Instruction Register (IR)

Used to hold the instruction currently being executed
Instruction Decoder (ID)
- An instruction temporarily stored in the instruction register can only be identified after its opcode portion is decoded.
- The decoder analyzes and interprets the instruction, generating the corresponding control signals.

Program Counter (PC)

The Program Counter (PC) is used to store the address of the instruction currently being executed or the address of the next instruction to be executed.
If the program executes sequentially, after each instruction execution, the PC value should be incremented by 1, i.e., PC <- PC+1
If the program has a jump: PC <- PC + offset address
Has both register and counting functions

Data Address Register (AR)

Used to hold the address of the memory unit currently being accessed by the CPU. Due to the speed difference between memory and CPU, the address register must be used to hold address information until a read/write operation is completed.

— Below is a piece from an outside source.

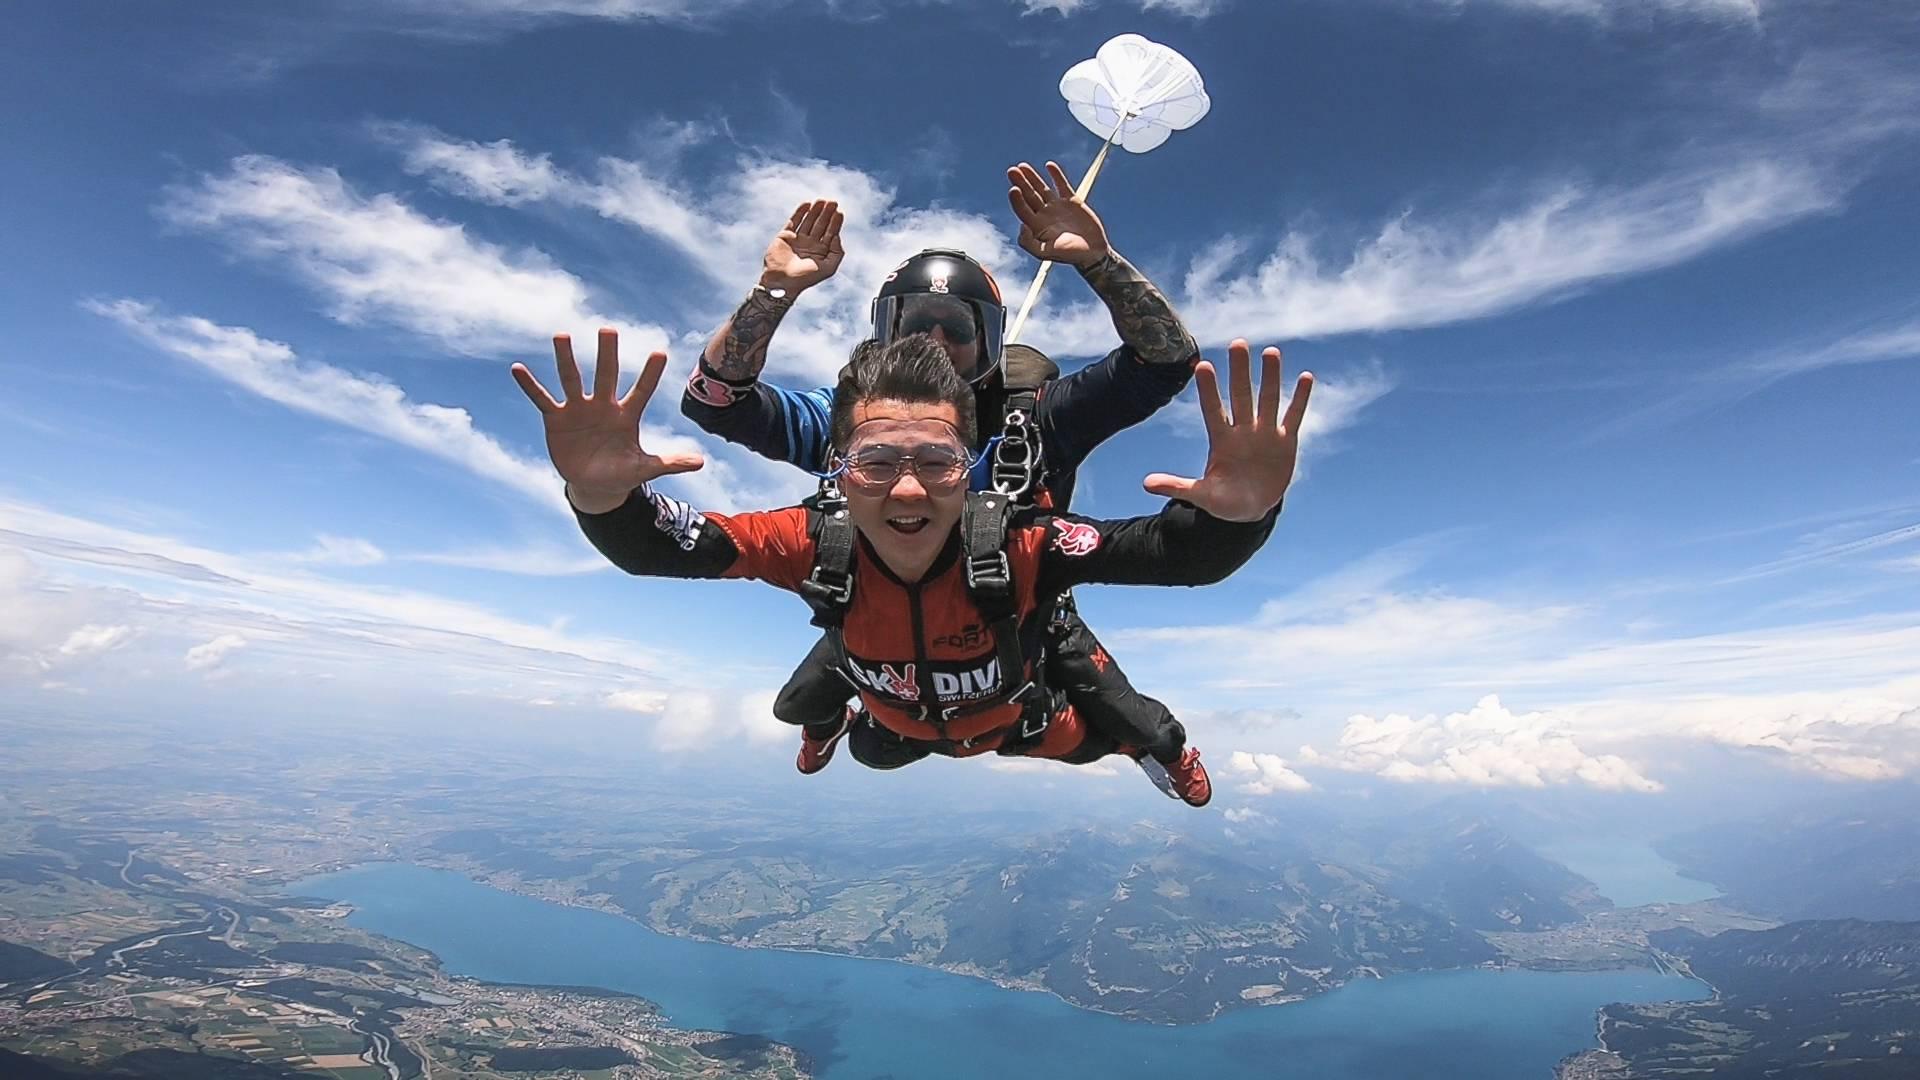 Airplane Skydiving - Outdoor Interlaken

General-Purpose Registers (R0~R3)

Used for transferring and temporarily storing data
Can also participate in arithmetic and logical operations and store computation results
Accumulator (AC)
- A general-purpose register
- Provides a workspace for the ALU
- Temporarily stores ALU computation results

Program Status Word Register (PSW)

Used to store various condition codes established by arithmetic and logical instruction operations or test results
Such as: carry flag (C), zero flag (Z), stores interrupt and system operating status information, etc.
A register composed of various status condition flags

5.1.4 Operation Controller and Timing Generator

(1) Data Path: The path for transferring information between registers.
(2) Operation Controller: Provides various operation signals for establishing data paths, to correctly select data paths and load relevant data into registers, thereby completing instruction fetching and execution control.
Based on different design methods, can be classified into sequential logic type and stored logic type:
- Hardwired Controller: Implemented using sequential logic techniques
- Microprogrammed Controller: Implemented using stored logic.
(3) Timing Generator: Provides timing and sequence signals for implementing timing control over various operation signals. The CPU also has other functional components such as the interrupt system and bus interface.

5.2 Instruction Cycle

5.2.1 Basic Concepts of Instruction Cycle (Key Topic)

Program Execution Process

The order of program execution in a von Neumann architecture computer:

Start from the program’s first address
Execute each instruction step by step, and form the address of the next instruction to be executed
Automatically execute instructions continuously until the last instruction of the program

Instruction Execution Process

Fetch instruction
- Send the instruction address to the main memory address register
- Read from main memory, send the read content to the designated register
Analyze instruction
Execute the instruction according to its specified content
- Different instructions vary greatly in the number of operation steps and specific operation content
Check for interrupt requests; if none, proceed to the execution of the next instruction

Instruction Cycle

Each time the CPU fetches and executes an instruction, it must complete a series of operations. The time required for this series of operations is usually called an instruction cycle.

Machine Cycle

A machine cycle is also called a CPU cycle. The CPU cycle is usually defined by the minimum time to read an instruction word from memory. The instruction cycle is often expressed in terms of the number of CPU cycles.

Clock Cycle

A CPU cycle contains several clock cycles (usually called beat pulses or T cycles, which are the most basic unit of processing operations). The sum of these clock cycles defines the time width of one CPU cycle.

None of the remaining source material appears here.